This means keeping 3 things around on your end:
*Origional Release. It's nice to have patches from original->latest without all the in-between stuff. You could also just make a way to quickly concatenate your patches to make one big patch for this.
*Previous Release. You'll need this to make a diff.
*Current Release. You'll need this to make a diff.

Once you have that, you can take several approaches:

1) A simple approach, if your data is free floating files, would be to as cash_hit said, just copy over any file that doesn't match the hash of the newest version. Delete all the files that don't exist anymore, and add any new files. To figure out this listing, you'd either ask the client for his local list of files.

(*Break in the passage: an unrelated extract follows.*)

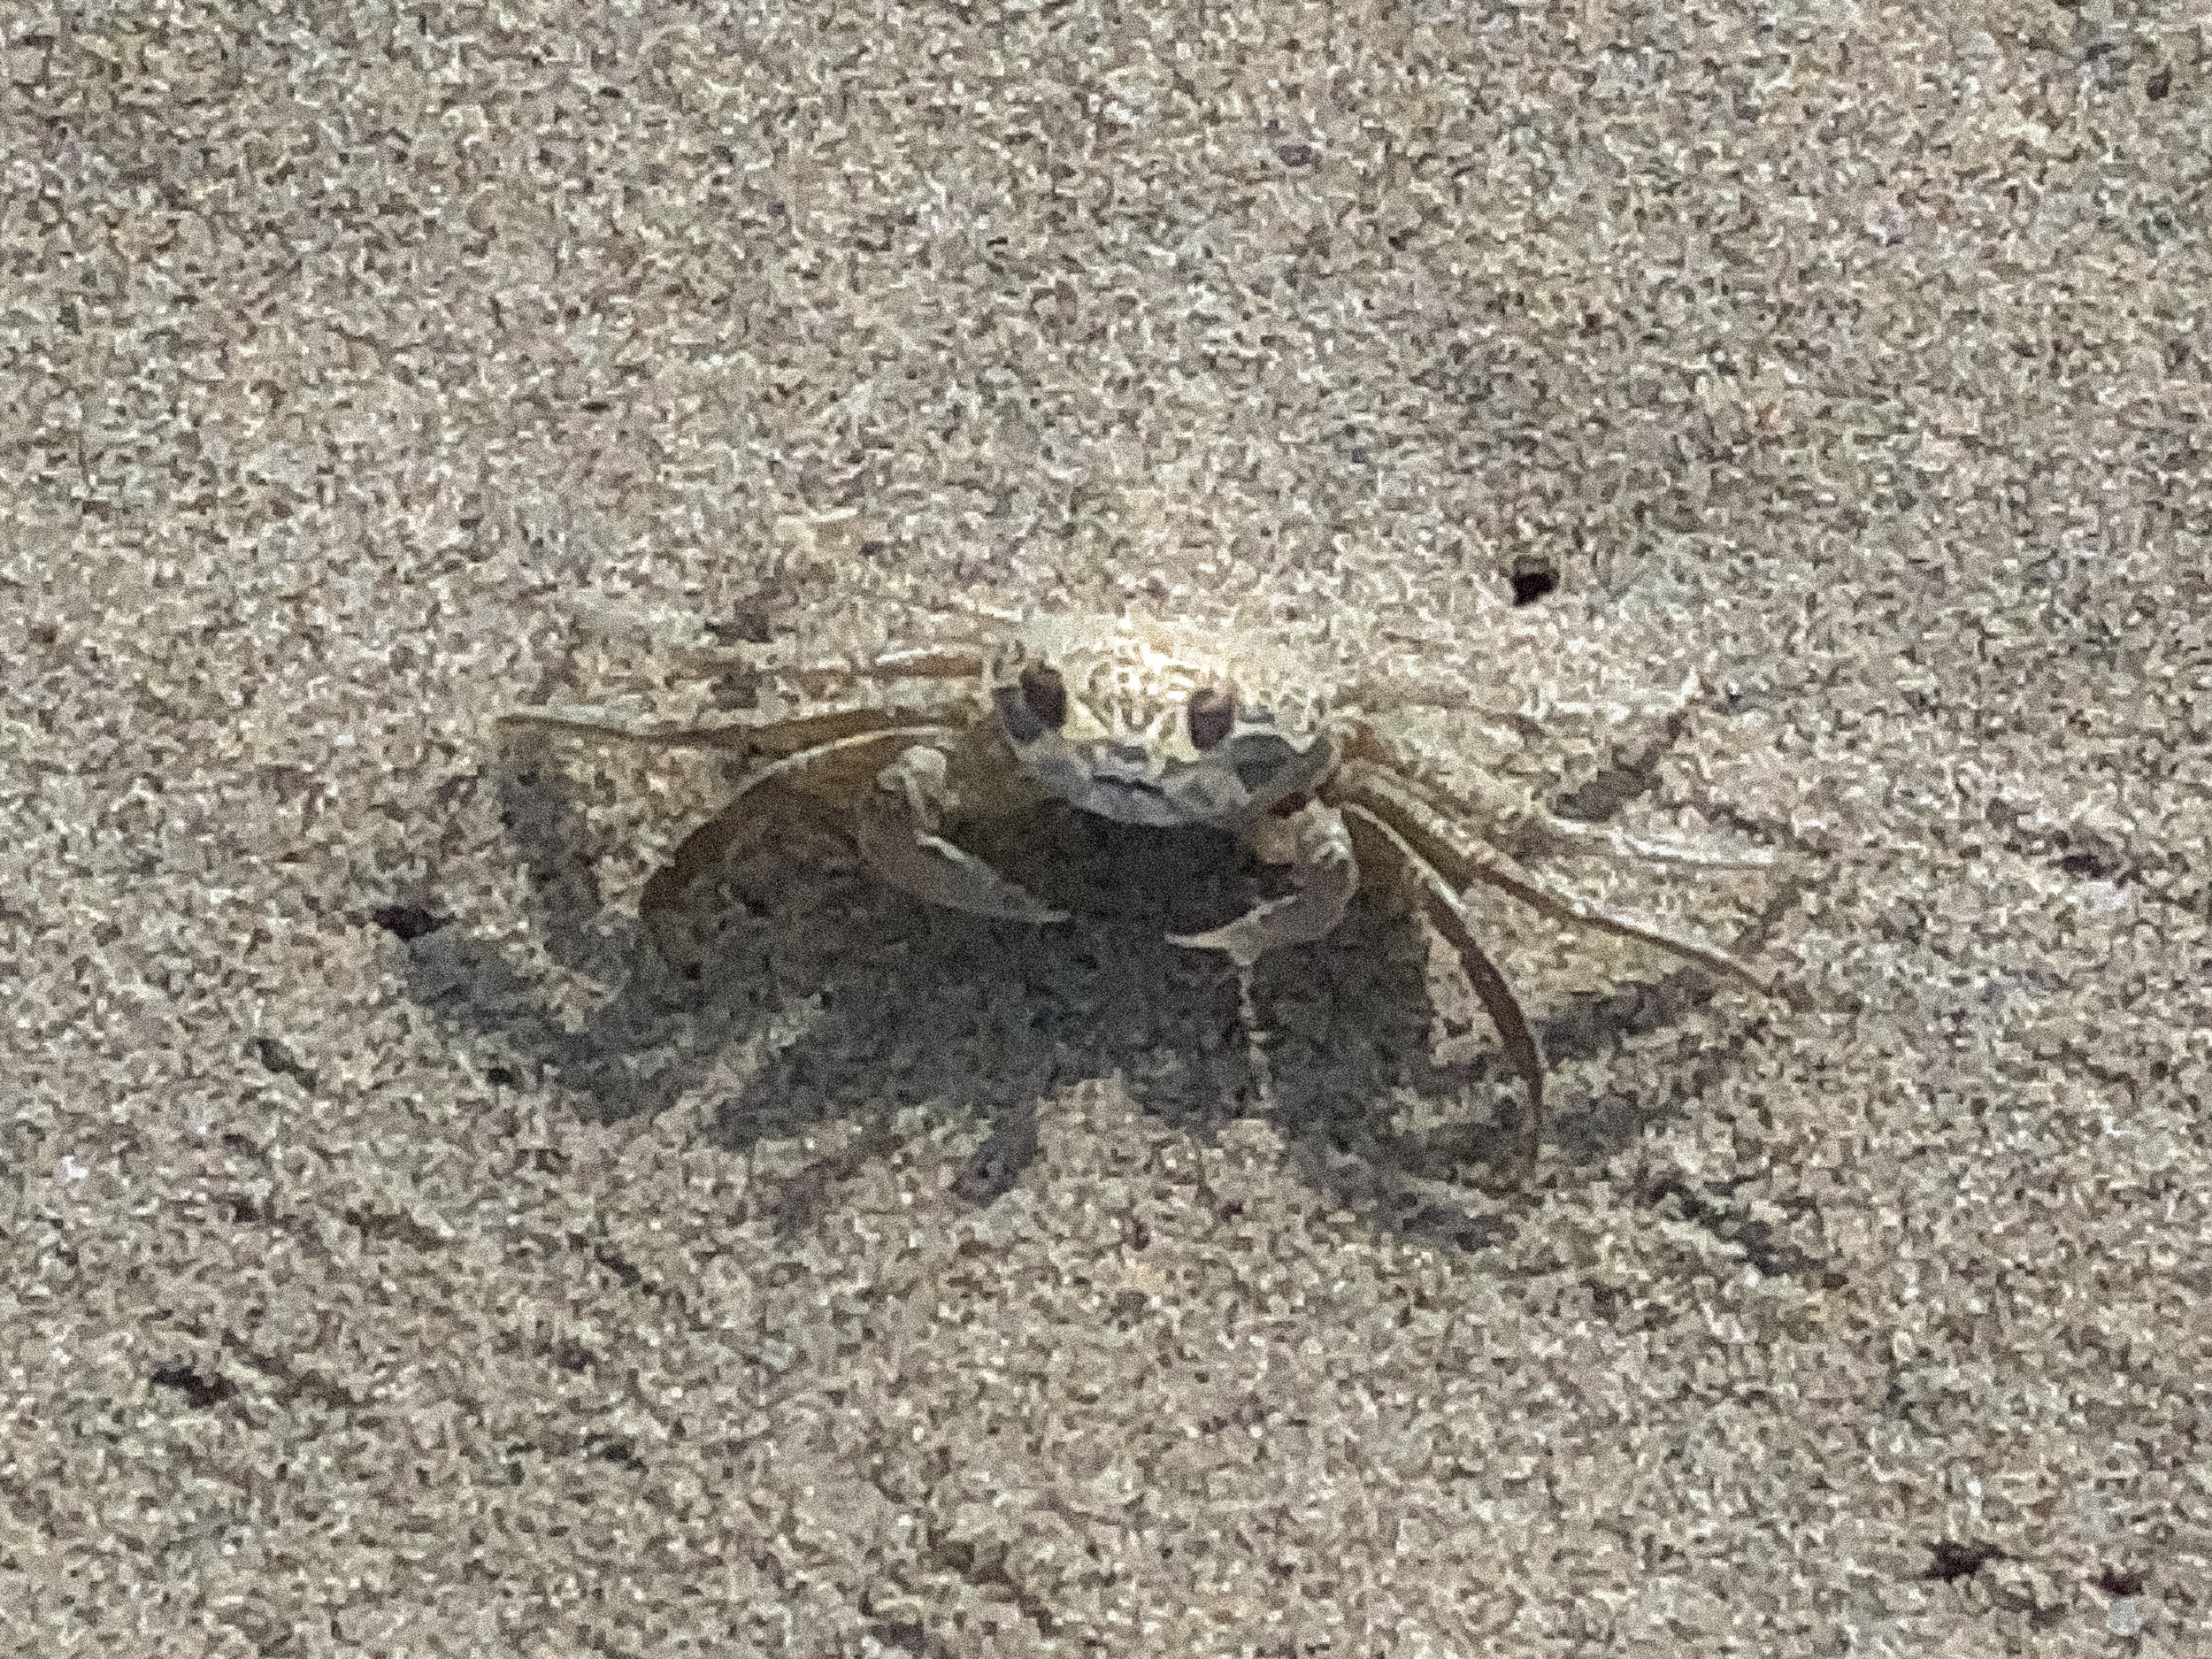 Atlantic Ghost Crab (juvenile)

Or, better yet, you'd just ask for a version number. Remember you are keeping around data, so you can build up a diff between the previous and current versions, as well as send previous patches.

2) A better way of doing that would be on the server, build up not just a listing of what files are different, but actually run a tool like bsdiff/bspatch to create small "patch" files for every change. This way you'd be sending a lot less data to the client. Instead of copying over files, they'd just bspatch the file.

3) #1 and #2 aren't going to be good if you store all your data in big archives (.pak, .zip, etc). Patching an archive doesn't work as well as patching individual files. BUT you are kinda in luck. If you use a file system like PhysFS you can resort back to step #1 in a sense. You build up a new archive with all the new files, send it down to the client. The client uses PhysFS to know that when loading foo.zip patch01.zip patch02.zip patch03.zip, that it can load newer versions of a file from the patchXX.zip files if they have that file.

Finally, whatever choice you make on the patching, you'll need to make a separate "patcher", since you can't patch a running executable. The game will have to close then
patch, then reopen the patched executable.

Then for the auto-updater part, you'll need some sort of networking code, and talk to a server to ask it for patches. In theory, you'd only have to send up a version number. To be a little more secure than that, you may want to do as cache_hit suggested, and just send up a hash for every file to make sure the client hasn't "hacked" some resources.
Something like RakNet could suffice for this. As a plus side, RakNet comes with a demo using their code as a auto-patcher.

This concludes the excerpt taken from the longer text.